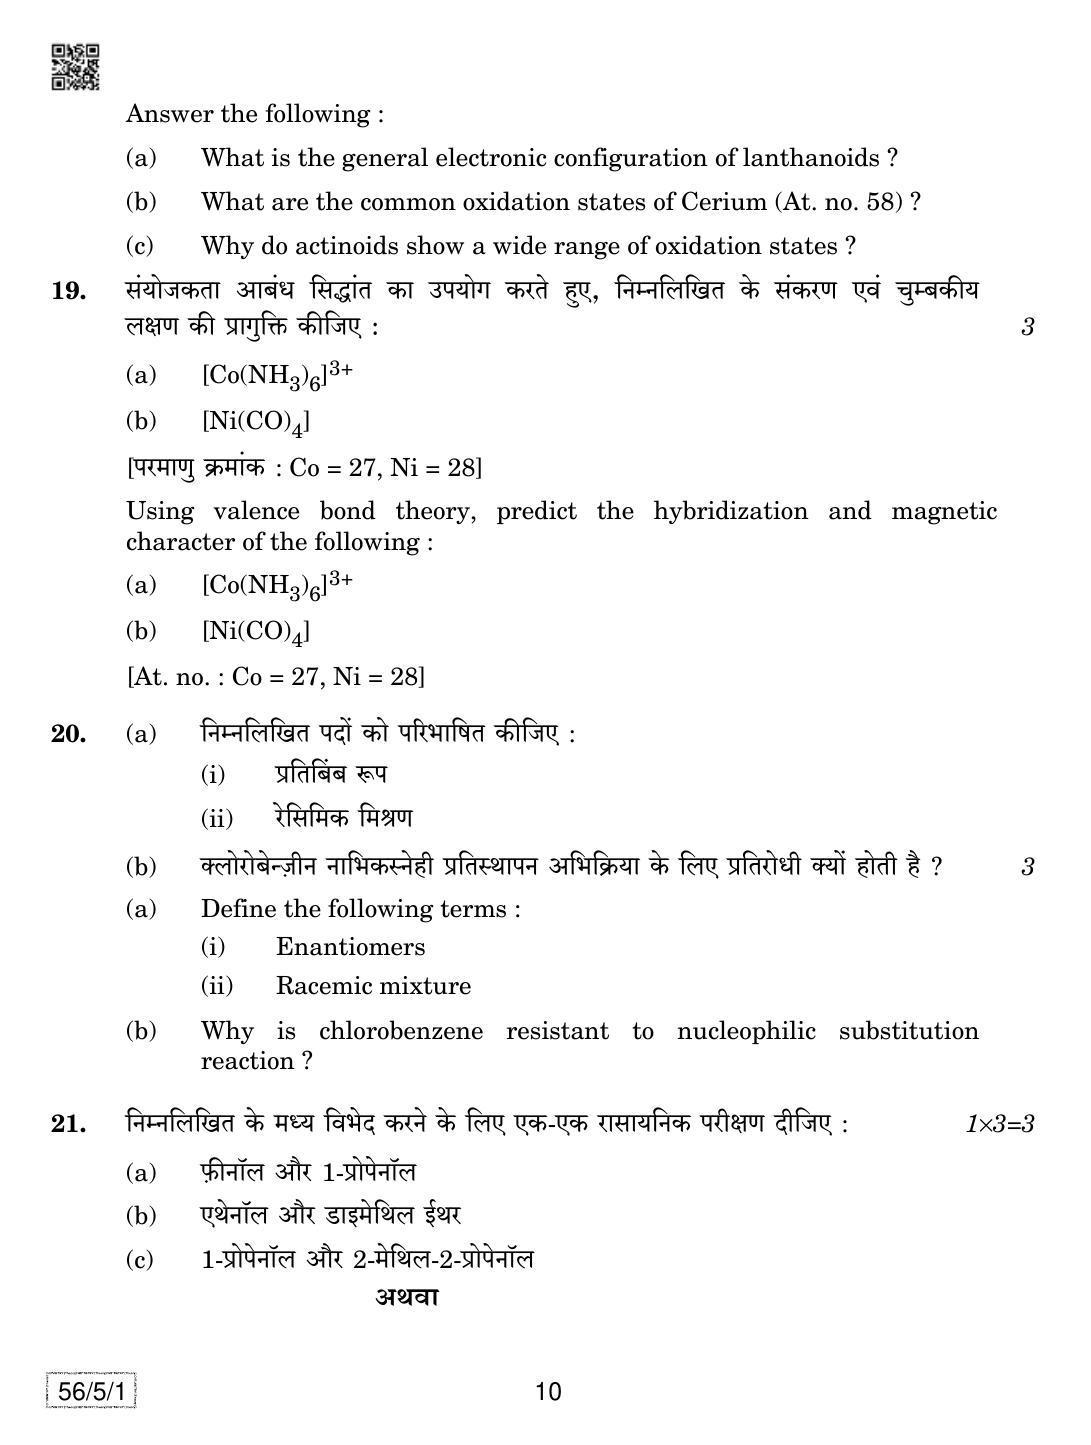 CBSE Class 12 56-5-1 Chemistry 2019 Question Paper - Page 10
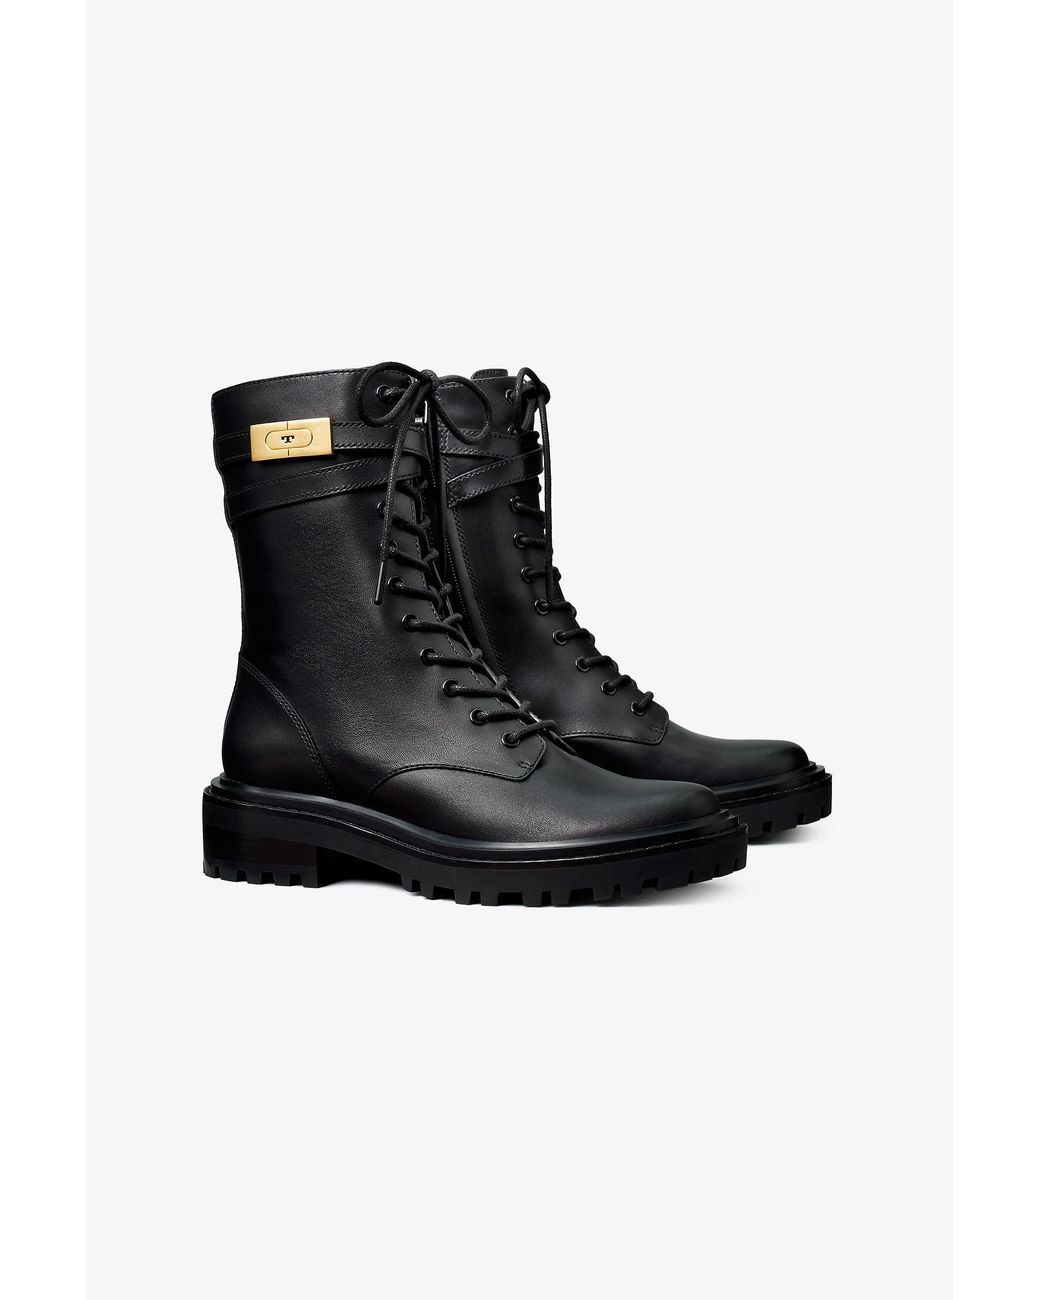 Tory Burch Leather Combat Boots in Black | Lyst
______________________________
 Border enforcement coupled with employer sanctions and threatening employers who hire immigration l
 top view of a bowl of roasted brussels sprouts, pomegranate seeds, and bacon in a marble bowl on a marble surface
______________________________
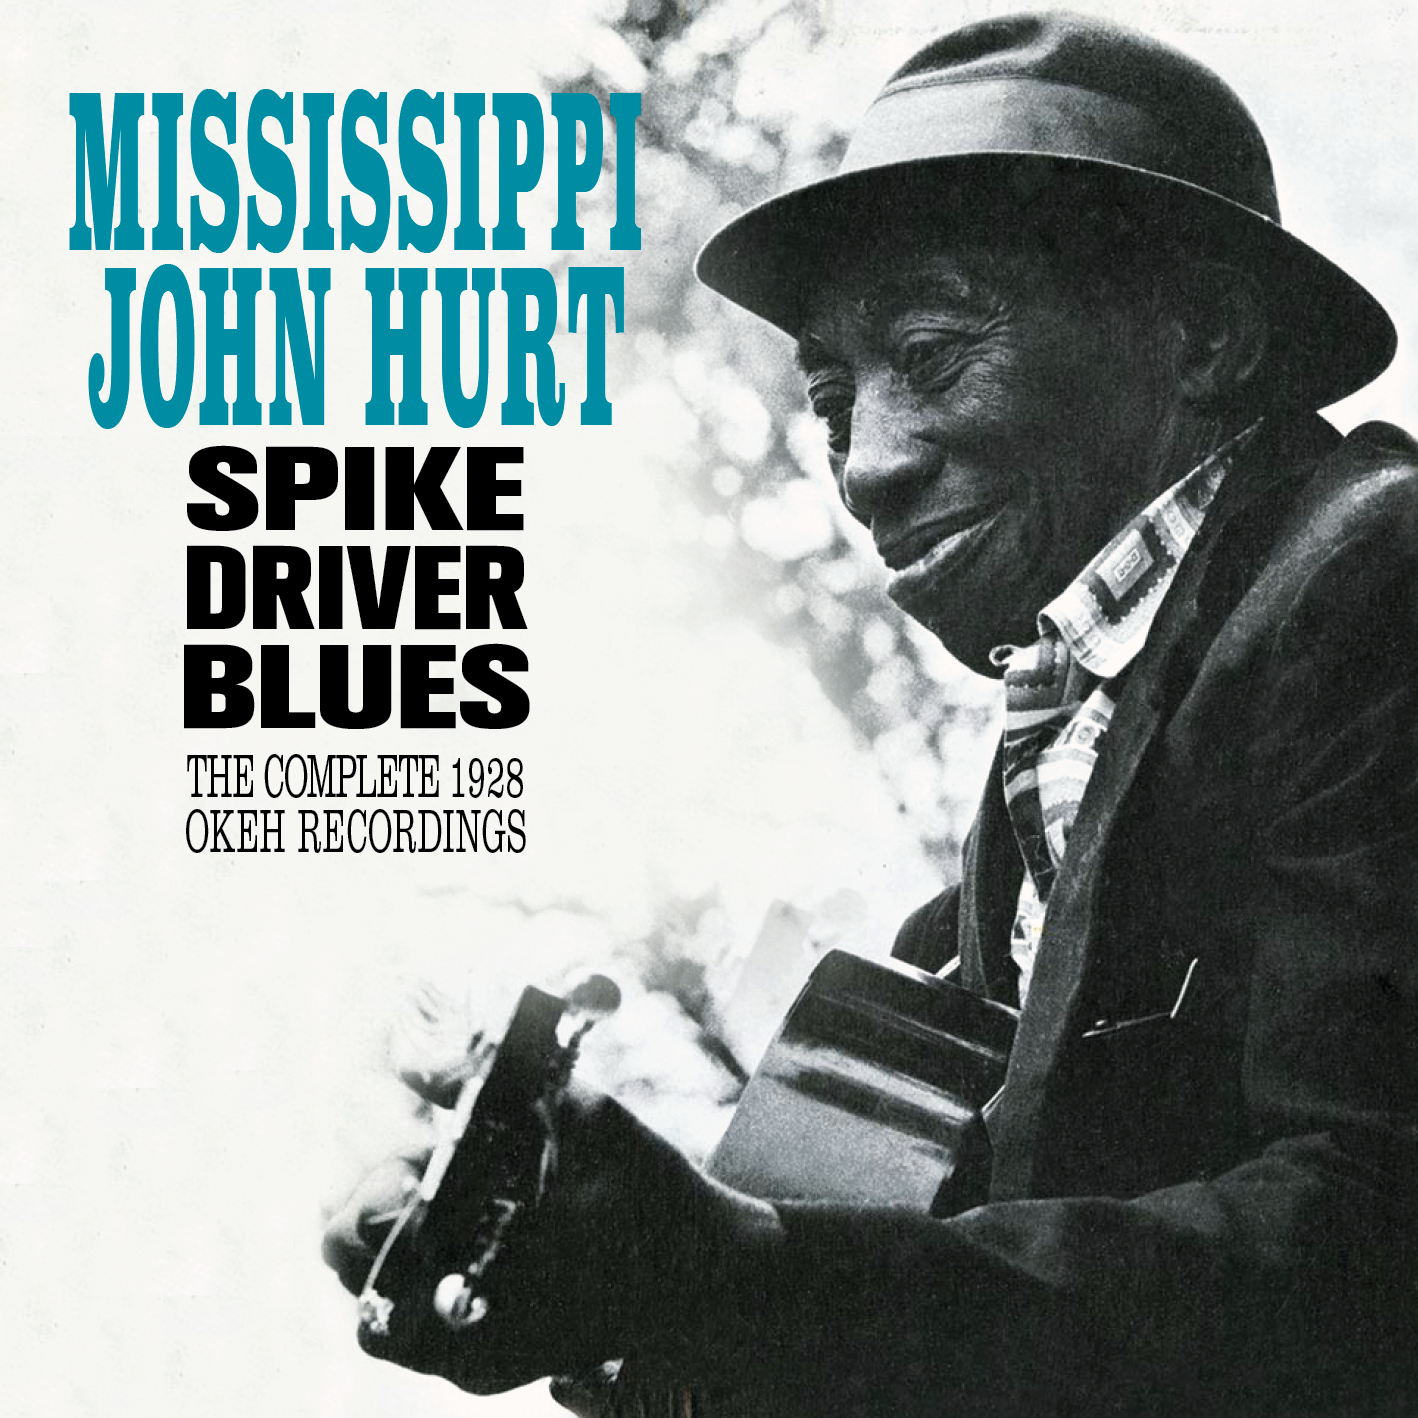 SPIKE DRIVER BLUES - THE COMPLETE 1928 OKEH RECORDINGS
______________________________
What you are asked to do:
Everything above from the line containing "Border enforcement coupled" down to the line containing "top view of" should be copied exactly, both end lines included, and nothing else.

Result below:
 Border enforcement coupled with employer sanctions and threatening employers who hire immigration l
 top view of a bowl of roasted brussels sprouts, pomegranate seeds, and bacon in a marble bowl on a marble surface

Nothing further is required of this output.